Klingerstown (Pennsylvania German: Glingerschteddel) is a census-designated place (CDP) in Upper Mahantongo Township, Schuylkill County, Pennsylvania, United States. As of the 2000 census, the CDP population was 102.

==Geography==
Klingerstown is located at (40.660835, -76.693498).

According to the United States Census Bureau, the CDP has a total area of 0.4 sqmi, all land.

==Demographics==

At the 2000 census there were 102 people, 40 households, and 26 families living in the CDP. The population density was 242.2 PD/sqmi. There were 45 housing units at an average density of 106.8 /sqmi. The racial makeup of the CDP was 100.00% White.
Of the 40 households 35.0% had children under the age of 18 living with them, 50.0% were married couples living together, 10.0% had a female householder with no husband present, and 35.0% were non-families. 27.5% of households were one person and 25.0% were one person aged 65 or older. The average household size was 2.55 and the average family size was 2.92.

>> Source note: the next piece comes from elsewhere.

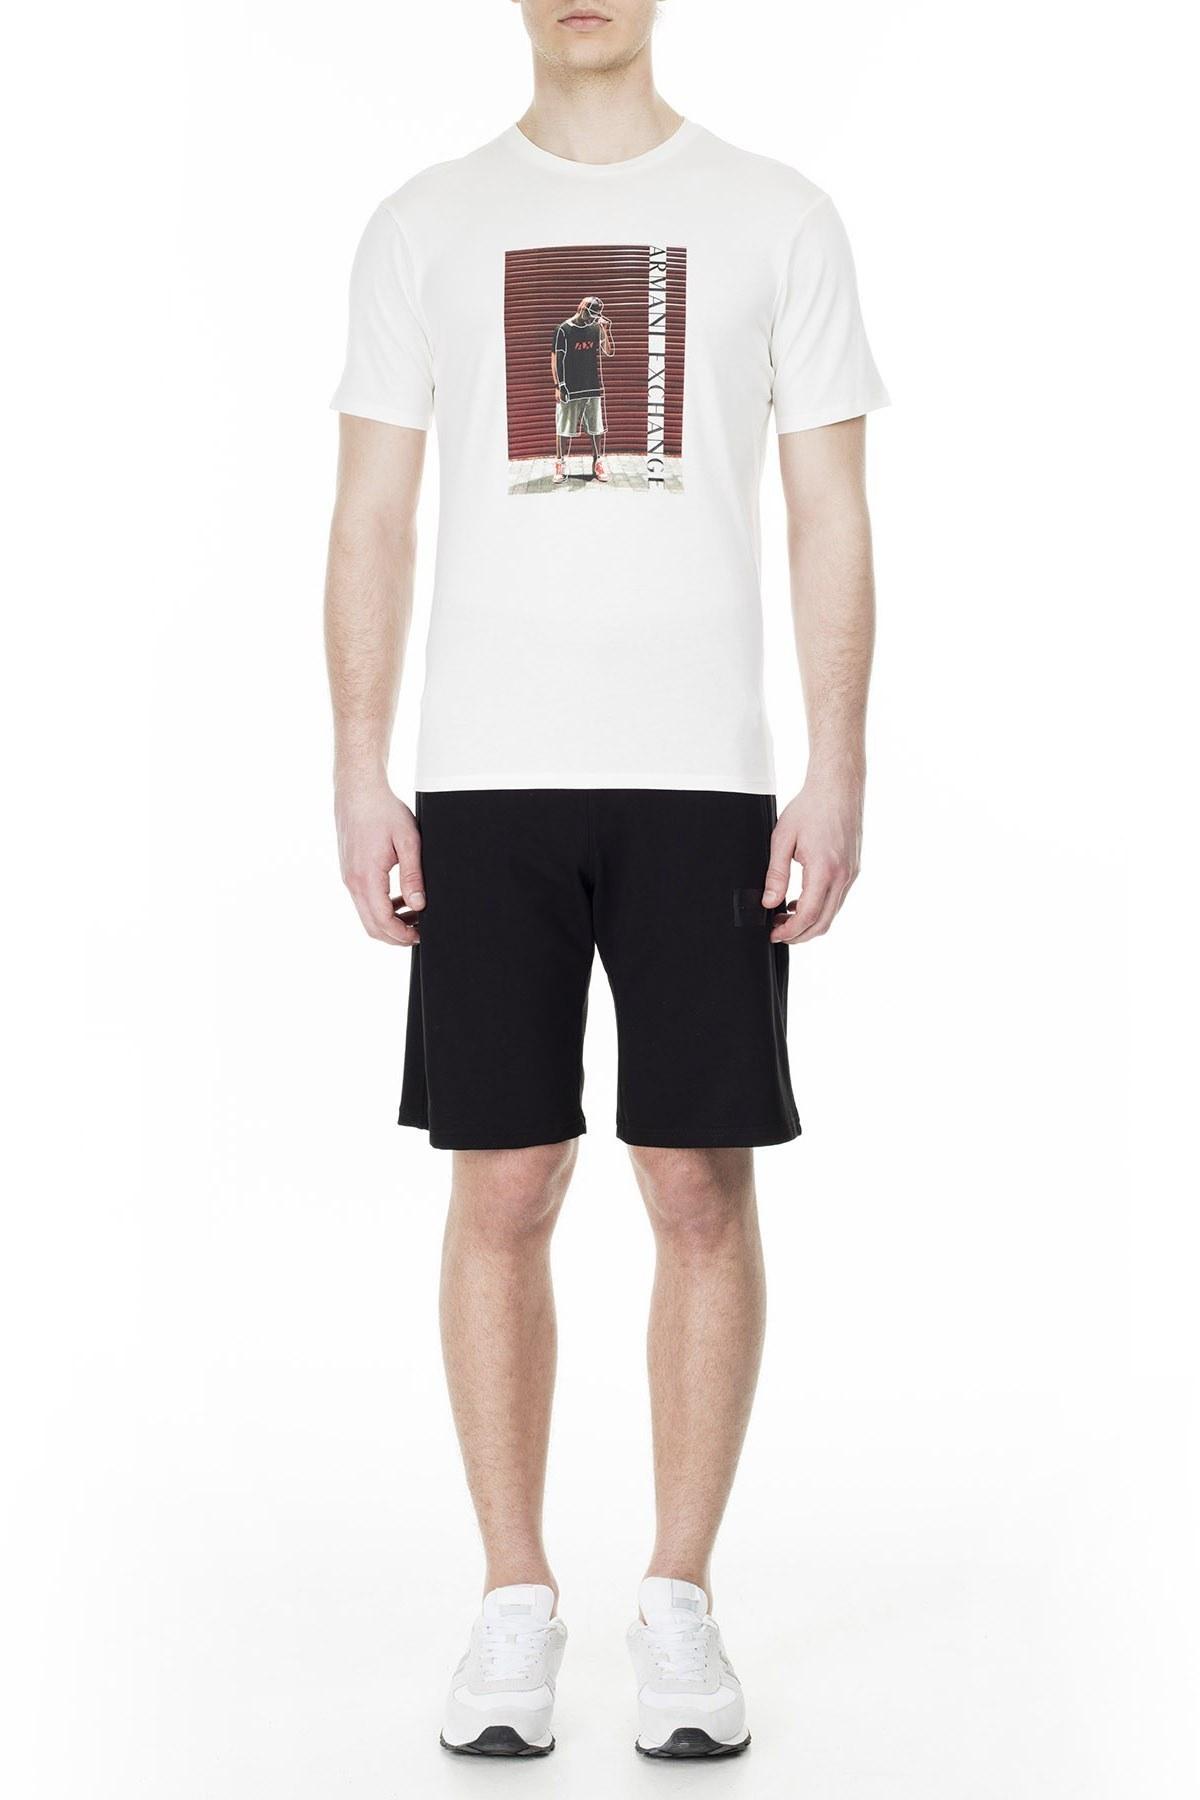 Armani Exchange Erkek T Shirt 3HZTBQ ZJN7Z 1100 BEYAZ

The age distribution was 24.5% under the age of 18, 5.9% from 18 to 24, 33.3% from 25 to 44, 12.7% from 45 to 64, and 23.5% 65 or older. The median age was 36 years. For every 100 females, there were 78.9 males. For every 100 females age 18 and over, there were 79.1 males.

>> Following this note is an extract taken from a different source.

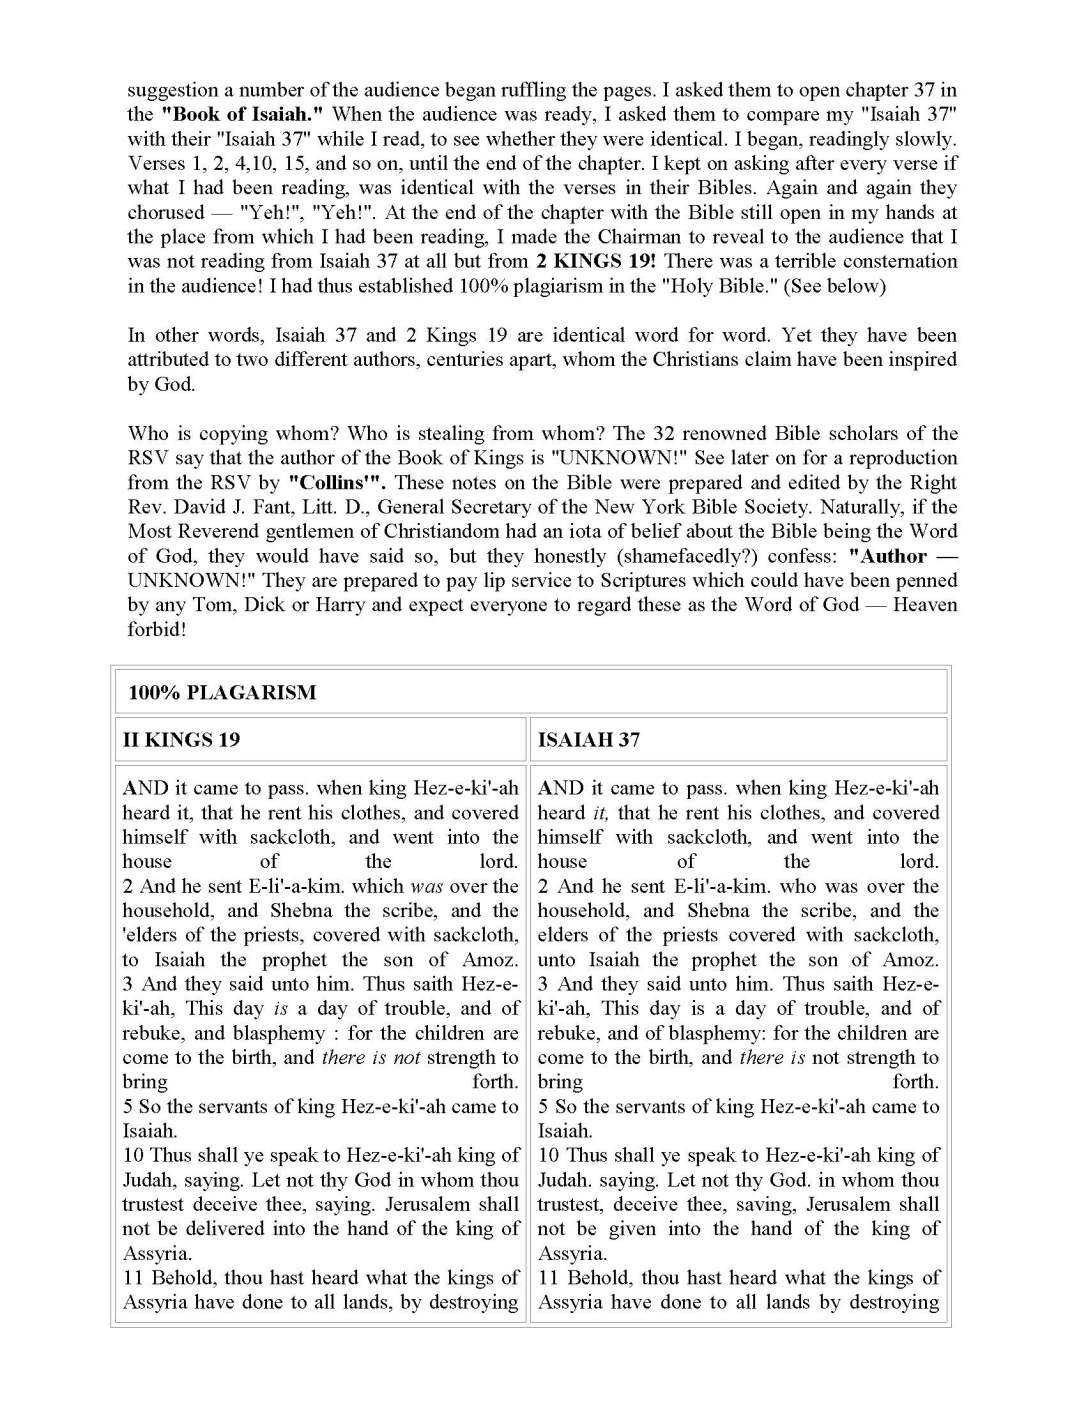 Is The Bible Gods Word [deedat]_Page_24

The median household income was $30,833 and the median family income was $31,667. Males had a median income of $23,750 versus $18,750 for females. The per capita income for the CDP was $12,276. There were 11.5% of families and 15.6% of the population living below the poverty line, including 21.4% of under eighteens and 15.0% of those over 64.

Historical population
| Census | Pop. | Note | %± |
| 2020 | 101 |  | — |
U.S. Decennial Census

==Education==
Klingerstown is part of the Tri-Valley School District, which has elementary buildings in Klingerstown and Valley View. The high school building is located in Hegins.

==Local events==
Every year the town sponsors a Fireman's Parade and Carnival and a fishing rodeo. The town church, St. Michael's Lutheran Church, sponsors various activities in the town also. Recently church members volunteered to repaint houses in town.